§ **Task details**
Output every line of the material exactly, omitting images.

§ **Supplied information**
==========

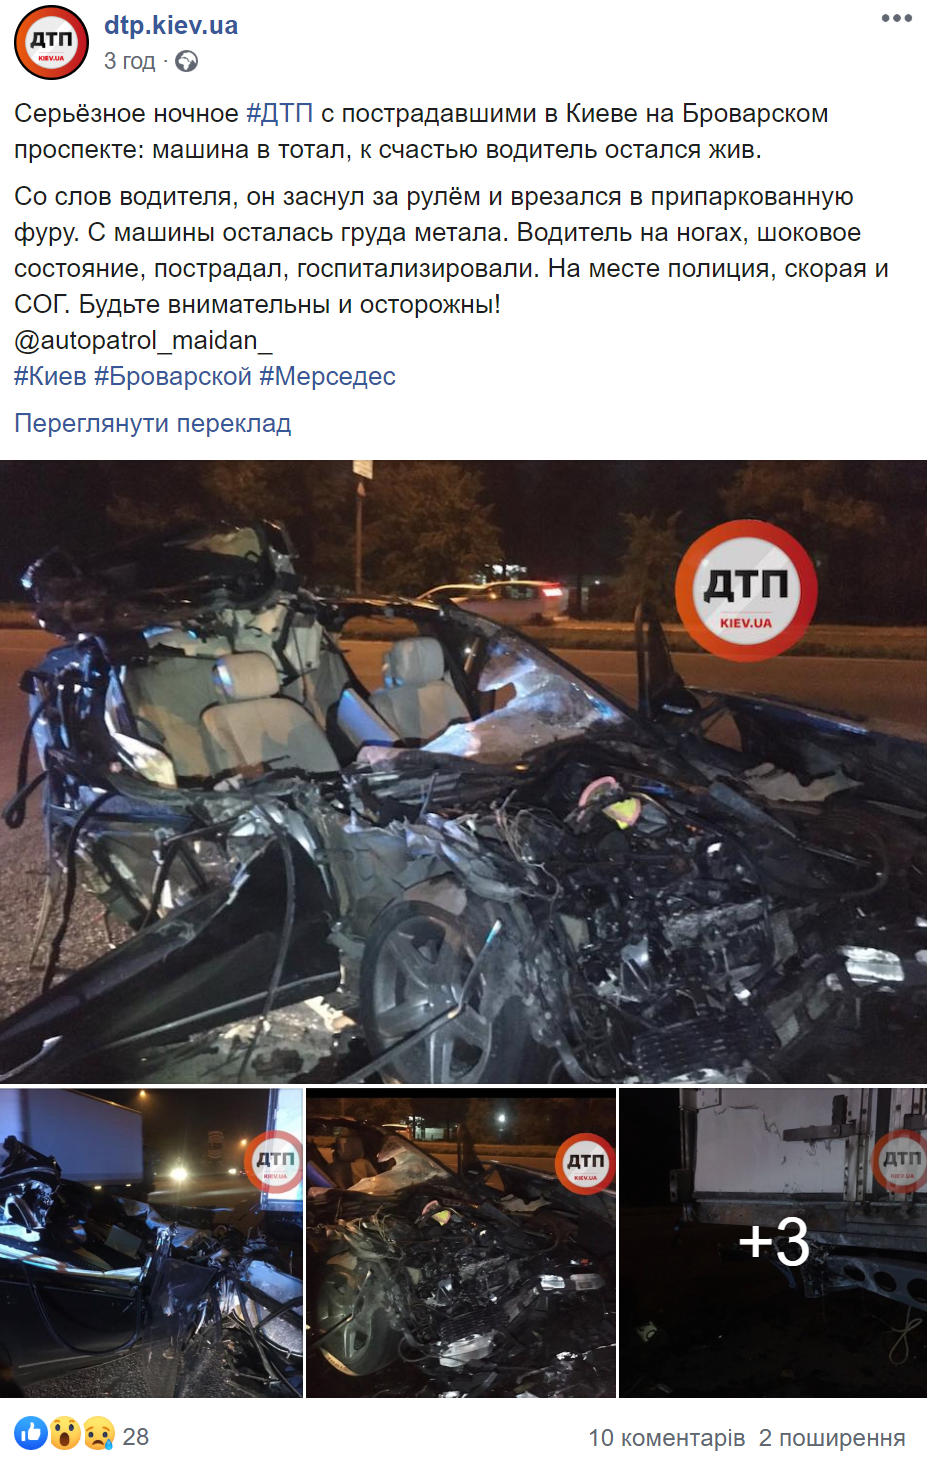 Пост в сети о ДТП в Киеве
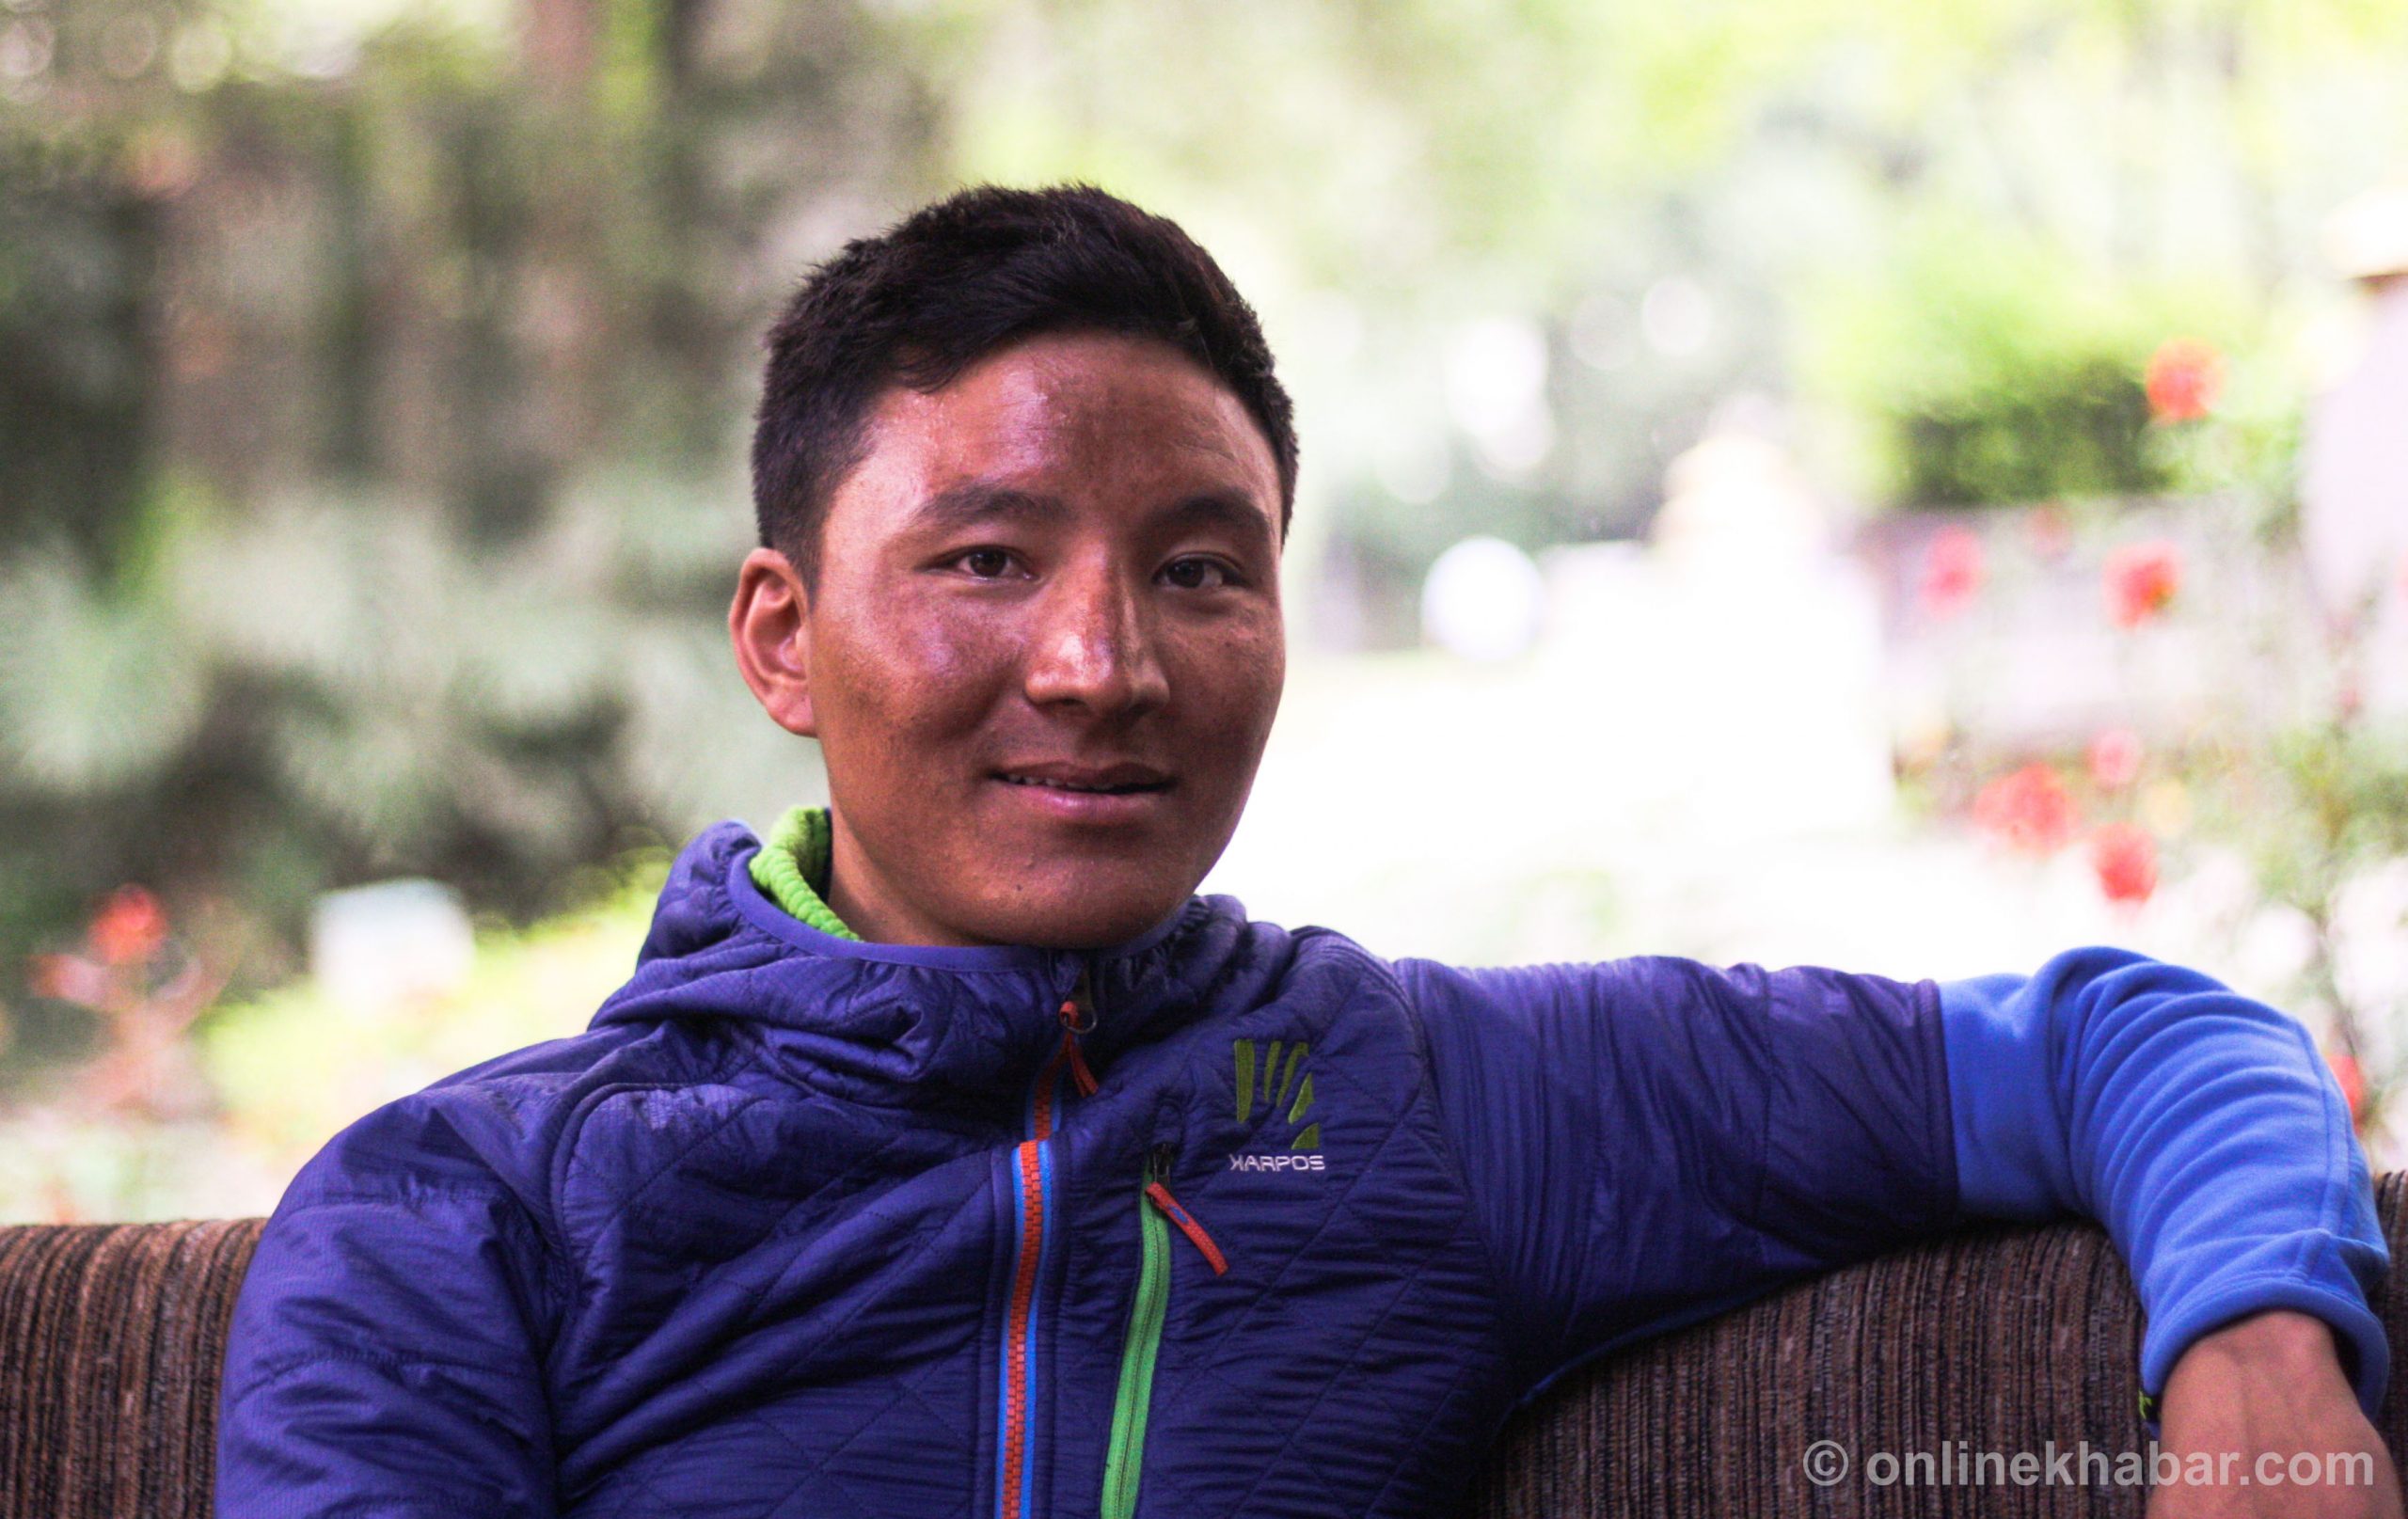 Legendary climber’s Nepali protégé wants to fulfil Swiss Machine’s dream.
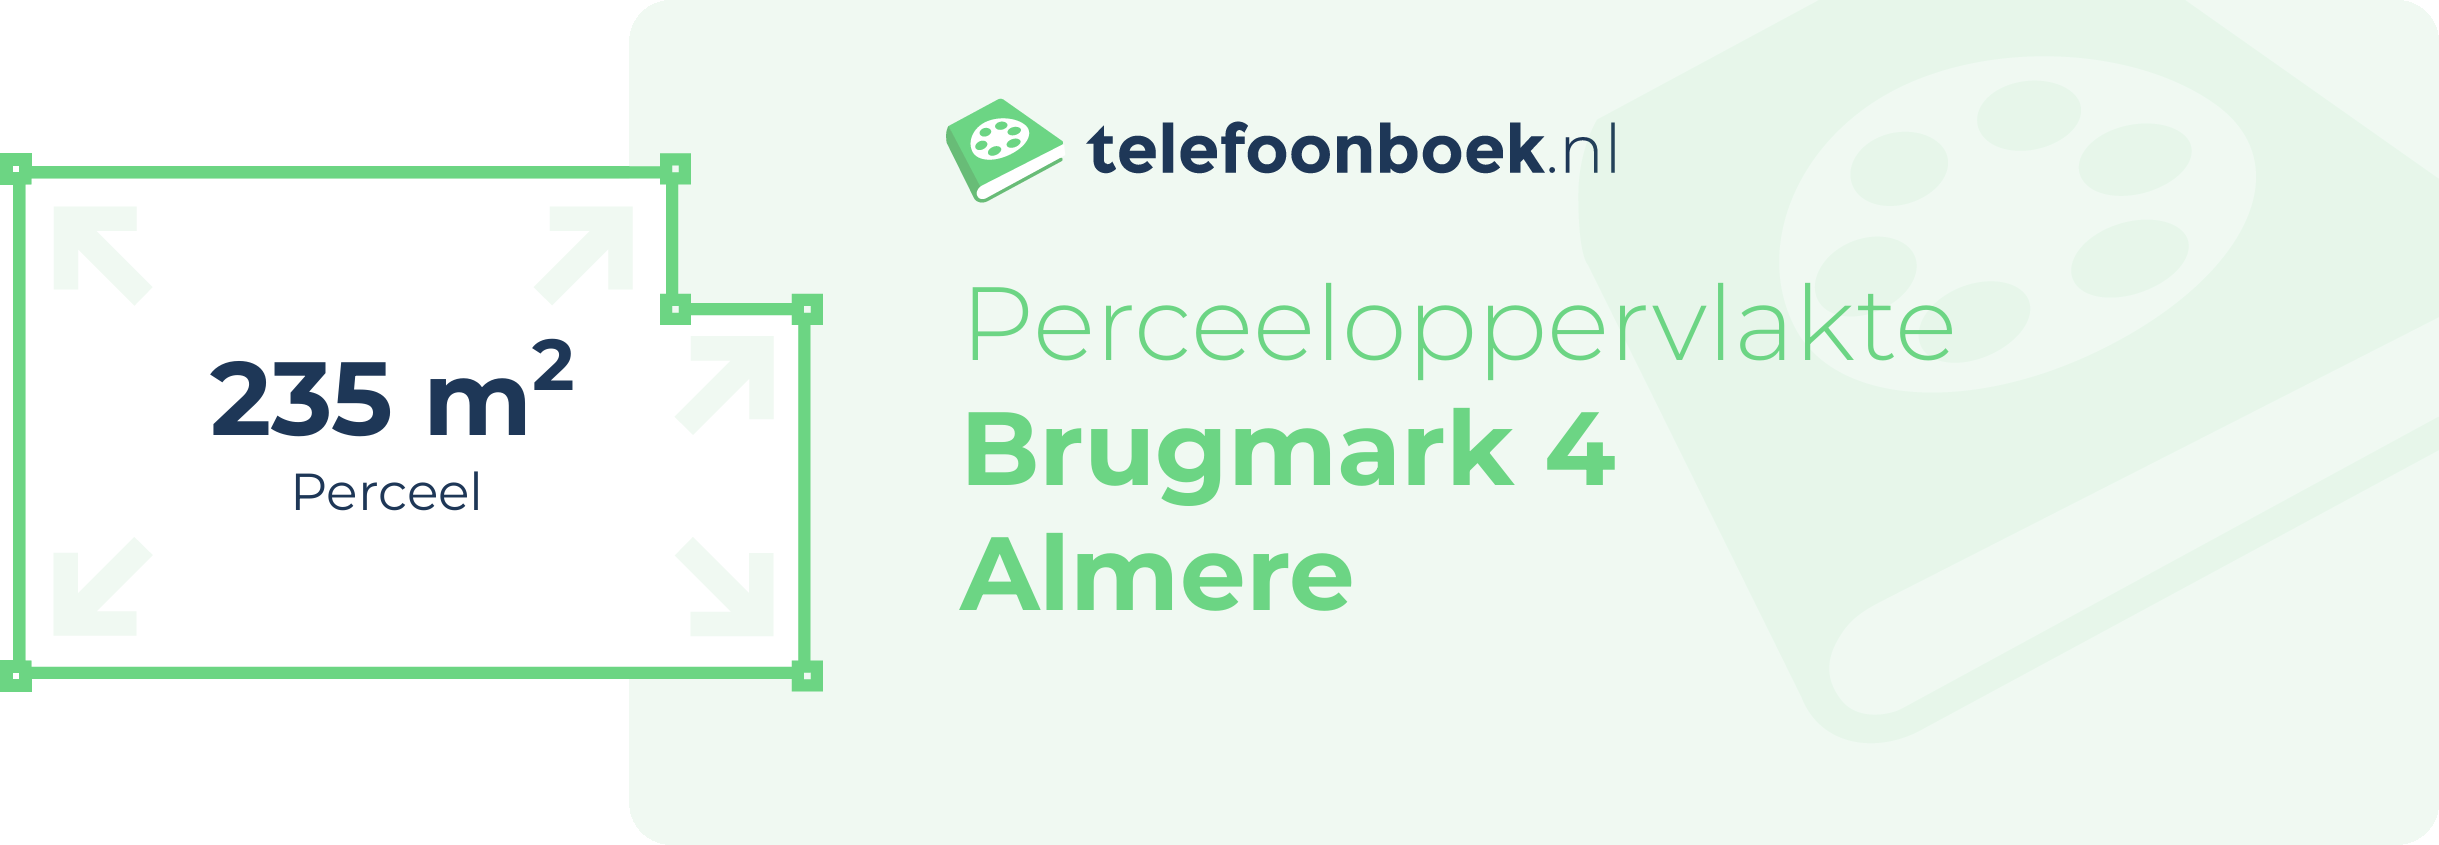 Perceeloppervlakte Brugmark 4 Almere

==========

§ **Exercise response**
 Пост в сети о ДТП в Киеве
 Legendary climber’s Nepali protégé wants to fulfil Swiss Machine’s dream.
 Perceeloppervlakte Brugmark 4 Almere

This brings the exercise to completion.